Alors que l’armement n’est qu’un aspect de la menace représentée par l’État islamique, comment lutter contre la propagation de son idéologie ?

Alain Rodier : C’est extrêmement difficile car les activistes de Daesh pensent détenir la « vérité ». Ce sont les « Gott mit uns » (Dieu est avec nous », devise des nazis) modernes. Il faut tout tenter, mais en tant qu’ancien ayant connu la Guerre Froide, je ne crois pas trop dans les camps de rééducation.

Jean-Bernard Pinatel : Une idéologie est un système d’idées générales constituant un corps de doctrine philosophique et politique à la base d’un comportement individuel ou collectif. L’idéologie caractérise un régime ou une civilisation. La barbarie n’est rien de tout cela. Et je vous rappelle que ce sont les musulmans qui en subissent aujourd’hui presque exclusivement le prix du sang. La barbarie peut exercer une fascination.

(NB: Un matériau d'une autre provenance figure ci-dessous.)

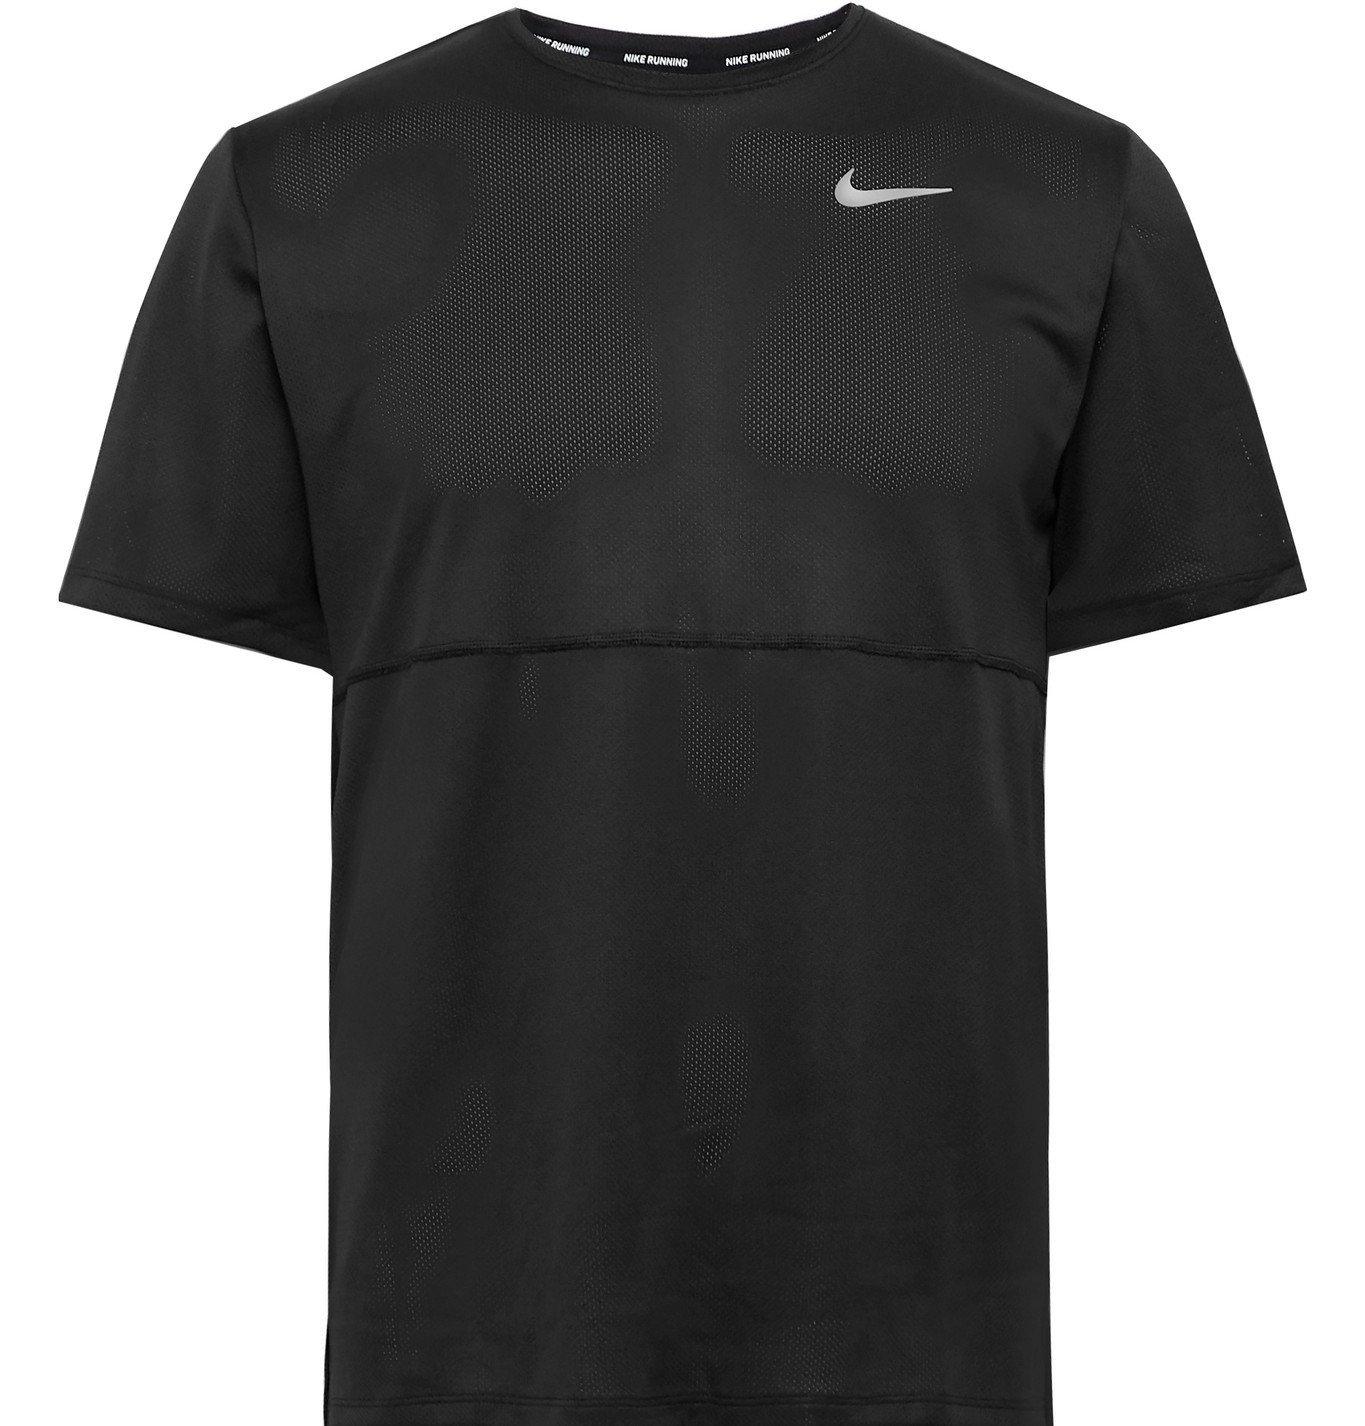 Nike Running - Breathe Dri-FIT Mesh T-Shirt - Black

Quels sont les dégâts collatéraux que pourraient causer les alliances de circonstances nécessaires à la lutte contre l’Etat islamique ?

Alain Rodier : Plutôt de de voir les dégâts collatéraux dont vous parlez, je distingue une opportunité de lancer le dialogue face à un péril commun. L’Iran est le bon exemple. Ce sont les Iraniens qui ont empêché la conquête de Bagdad et de Kirkouk par Daesh. Il est temps de parler (ce qui ne veut pas dire s’aplatir), même avec le régime syrien. En effet, ce dernier « tient » et il va bien falloir passer par lui, qu’on le veuille ou non, à un moment ou à un autre. Il faut aussi parler avec les Russes. Et surtout, il faut que l’Occident perde son attitude de perpétuel donneur de leçons. Cette attitude est totalement contre-productive.

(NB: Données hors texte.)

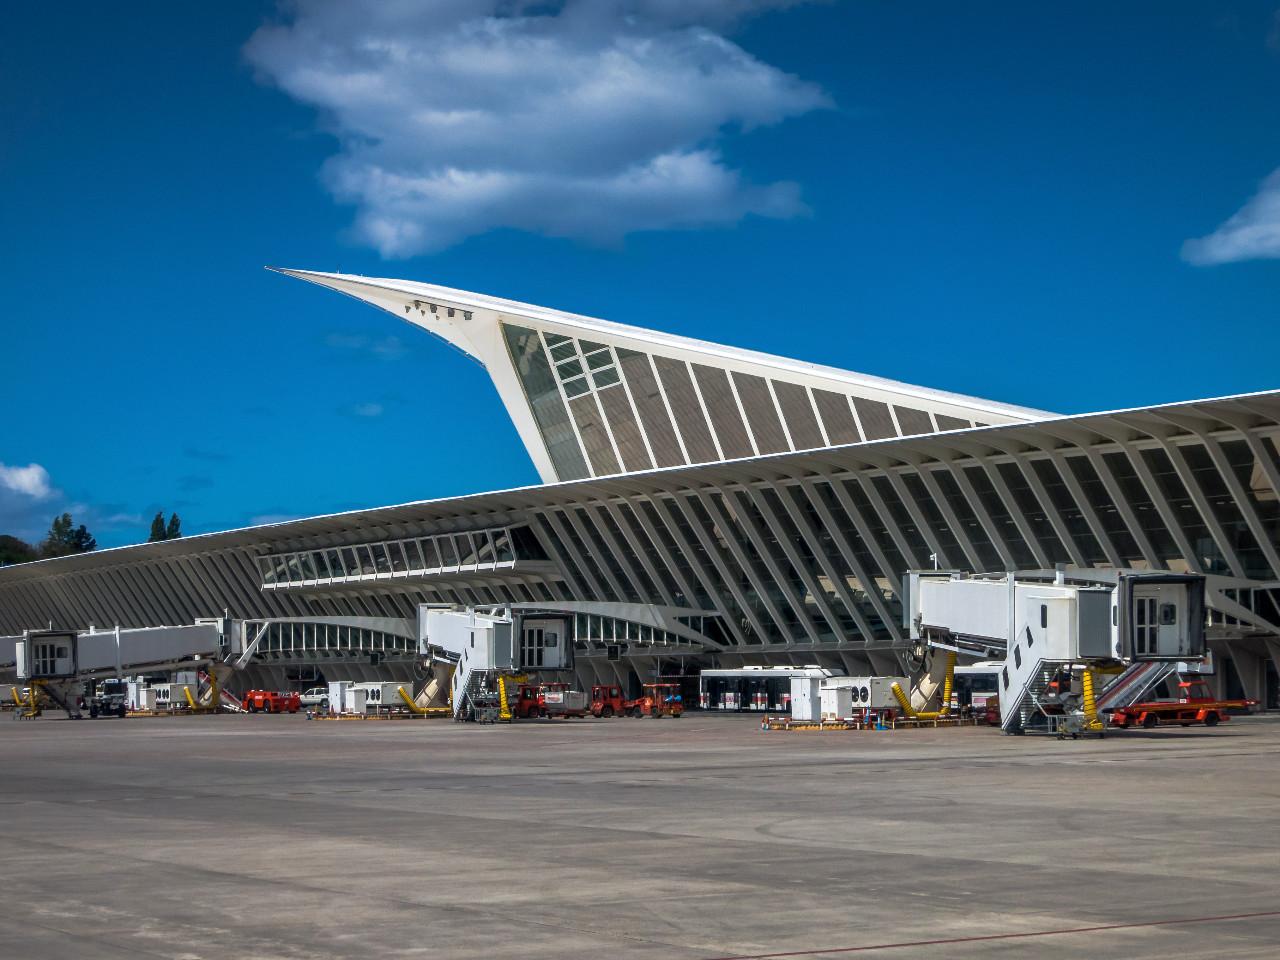 La Paloma Flughafen Bilbao

De plus, ne jamais oublier que « la guerre n’est que le prolongement de la politique ». Encore faut-il en avoir une qui soit lisible…

Jean-Bernard Pinatel : Malheureusement, ce sont les populations civiles et les enfants qui subissent les dégâts collatéraux de toutes les guerres. C’est pour cela que je trouve insupportable l’attitude des États-Unis qui pour satisfaire leurs intérêts stratégiques légitimes et pour protéger la vie de leurs soldats, ne se préoccupent jamais des dégâts collatéraux que leur façon de faire la guerre occasionne sur les populations civiles. Heureusement, les règles d’engagement de nos forces armées sont beaucoup plus strictes.